The outgrowth of Proposition 13 has been municipal reliance on sales taxes as a source of new revenue, resulting in greater demand for siting commercial projects over housing developments. Reflecting upon the economic development challenges cities face, TPR spoke with Larry Kosmont, a former city manager and current President and CEO of Kosmont Partners, specializing in matching private sector real estate opportunities with public sector land use policies, regulations, and financing/incentive programs.
Why is a trade-off the appropriate term to describe the policy choices local governments have when pressed to support more housing in their jurisdictions?
Well, the cities have traded off sales tax for residential development over the last 20 years. They've done that because they are left with little choice for raising new revenues other than pushing for new commercial taxes, which has really made sales taxes the king of the highway. So city managers, redevelopment and economic development administrators have been very focused on getting sales tax in the community at the sacrifice of housing.
In the roughly 25 years since the passage of Prop 13, cities have pursued sales tax cash registers at the expense of creating new housing. One stark legacy of Propositions 13, 62, and 218 is that we have a critical housing shortage. And the irony for California is that without work force housing, we can't sustain economic growth.
One of the most essential elements in a comprehensive economic development program is housing of all quality and pricing categories, because our work force is diverse. So much of the housing stock reflects the workforce. Corporate leaders, in terms of facility investments and relocation decisions, typically look at quality of life issues in communities as one of their highest priority issues. And within the category of quality of life is housing, schools, and of course, safety, all priorities.
So, the reality for cities in California is that if they're going to continue to expand their tax base, they need to increase their housing supply. Most importantly, cities need work force housing for those folks who are out there making a living; they need and deserve a good place to live and raise a family.
If you were a city manager in a small city, particularly within a large metropolitan area like Los Angeles, how would you evaluate the decision of siting a Home Depot, per se, against the development of affordable housing?
There are two perspectives that need to change.
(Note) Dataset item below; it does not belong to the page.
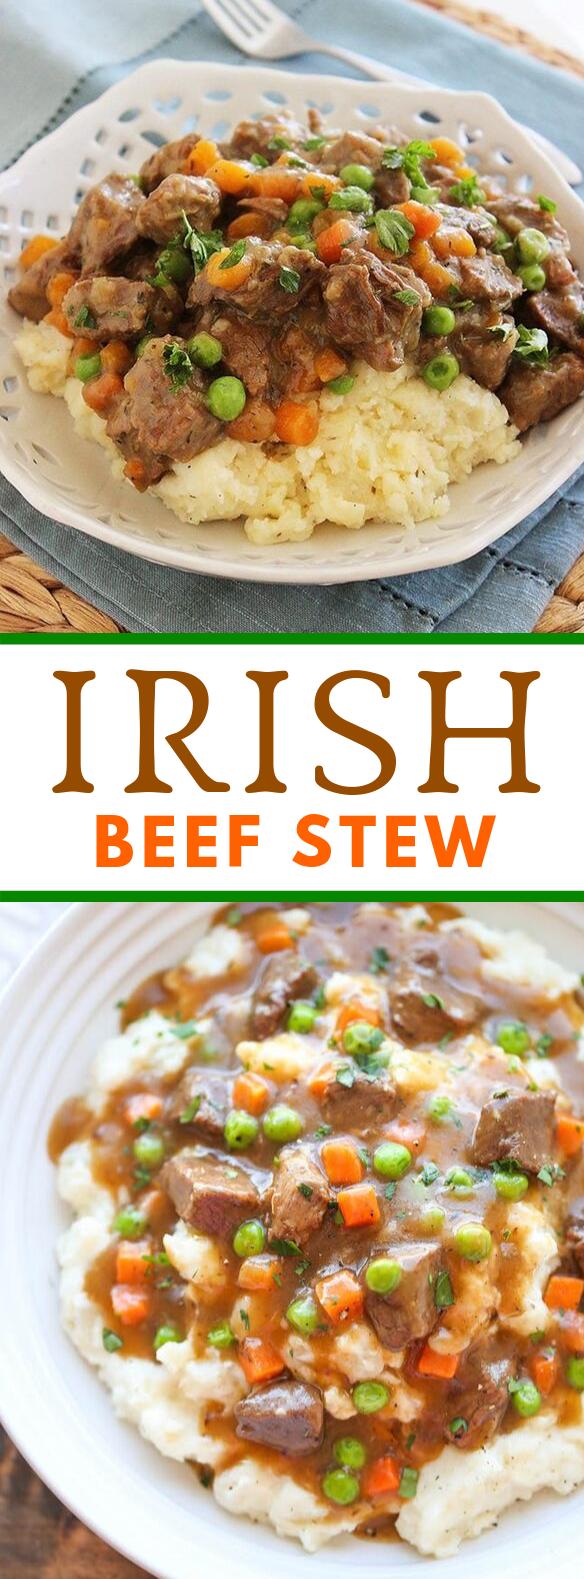 IRISH BEEF STEW #dinner #slowcooker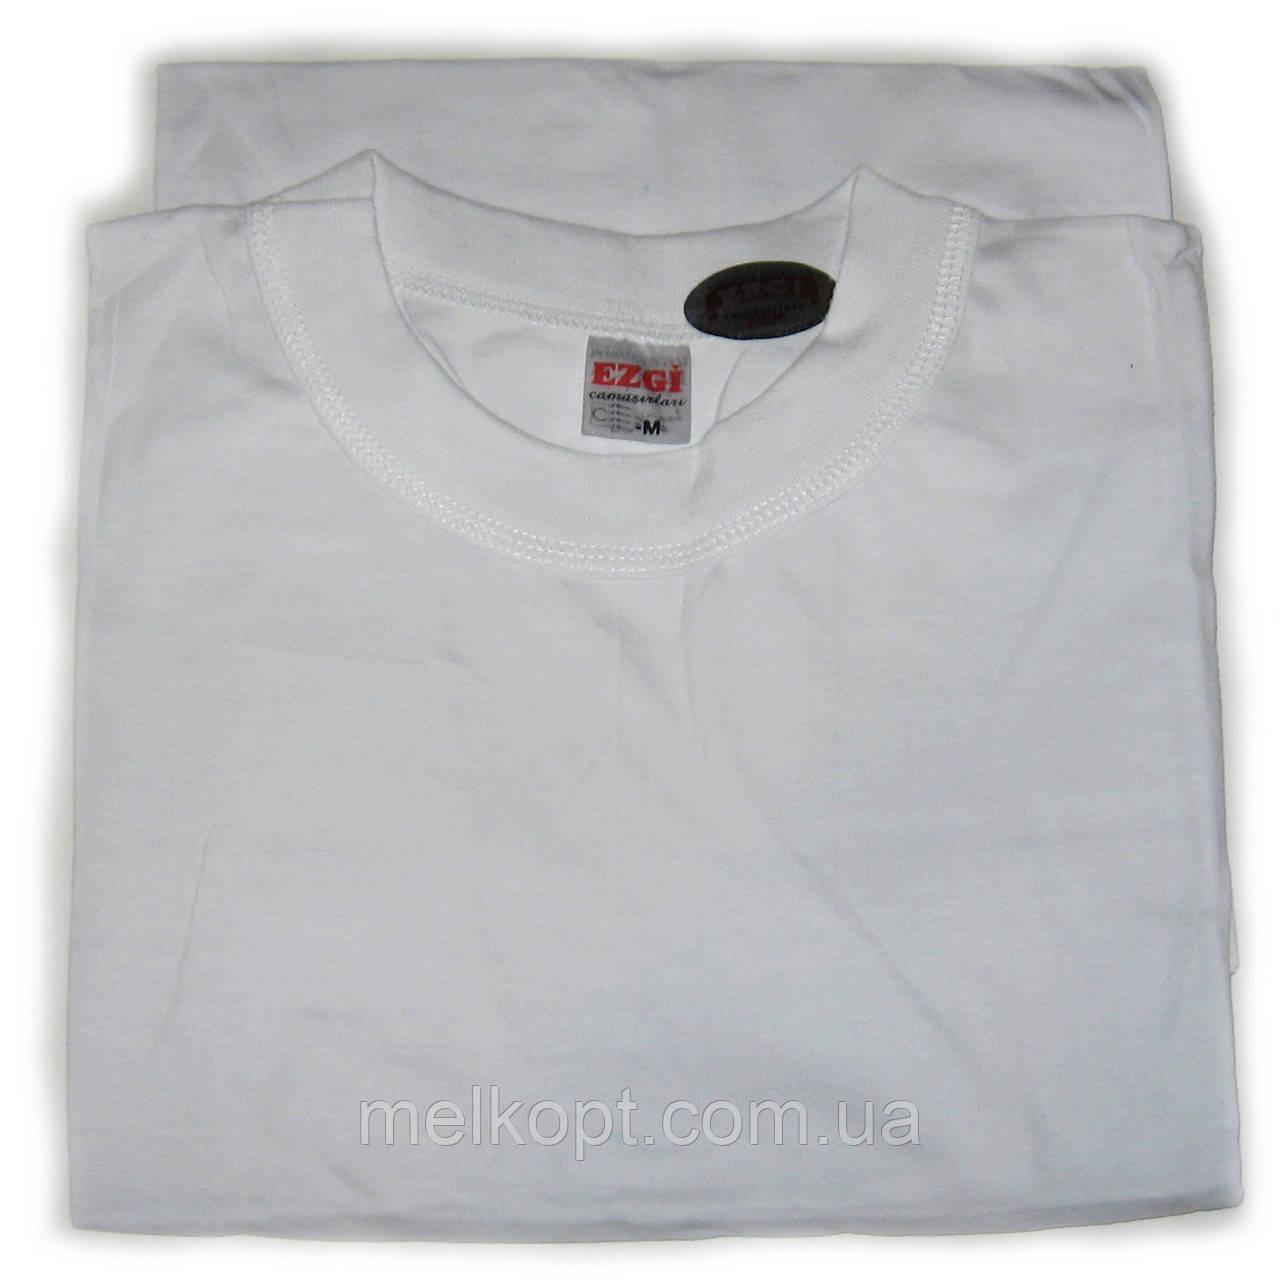 Мужские футболки Ezgi - 58,00 грн./шт. (60-й размер, белые)

One is that cities have to look at their tax structure realistically. Many smaller cities do not, in fact, tax businesses or industry very heavily. And since most cities don't tax their industries very heavily, cities need to do recognize that sales tax generators, such as a Home Depot, cannot perform well without residential rooftops.
Take a city like Glendale; there is no business license tax, yet the city is in good financial shape. A lot of it is because the affluent and middle class families that live there shop in their community. Glendale's amenities also serve as an attraction for residents from other communities to spend money in Glendale. What also needs to change is how cities evaluate the financial impact of housing on their budget and operations. I think there is a high level of confusion as to what households really cost a community, especially when it comes to high quality, or ‘top tier priced housing product.' Million dollar homes, which many communities have today, probably pay their way, given that these homeowners are paying such high property taxes, especially if it's a purchase that has occurred in the last 10 years. Those homes also tend to house families that spend a lot of money locally.
The medium to upper level households in some of these communities, are contributing their fair share when you look at what they actually pay in property tax, and the kind of local spending/shopping habits they have.
As far as affordable housing, that's really much more of a social policy objective, because it's clear to me that in most cases, affordable housing units will not carry the kind of economic impact that medium and upper level housing will. Affordable housing will never compare to a sales tax generator, but you still need the rooftops and you clearly need the diversity in housing to provide a balanced work force base for local business operations.
In my estimation, the fiscal impact models that are being used by the economists for local government need to be reconfigured for housing and residential fiscal impacts. They have a tendency to really focus on sales tax and commercial users and I'm not sure that that's highly appropriate today, given the cost of housing and the amount of property tax and family spending that is generated by these households.
AB 680 proposes pooling local tax revenues in order to alleviate the pressure to favor large commercial tax generators over housing. Is AB 680 an appropriate, effective mechanism to create more regional distribution of housing and commercial uses across an area?
My take on this bill is that it is a band-aid approach to a system that needs to be completely restructured from bottom up. On the face of it, the sales tax sharing solution discussion in AB680 has merit. But it is a spot bill that does not treat the broader issue of local taxation and distribution the way it deserves. Any solution must bring about long-term fiscal responsibility. What I'm really looking for is the state and local government to collaborate on an economic development plan that resolves property tax, sales tax, and state reimbursements in a format that supports consistent economic development and quality of life objectives. Unless we do that, this State will become impractical for major corporate investment.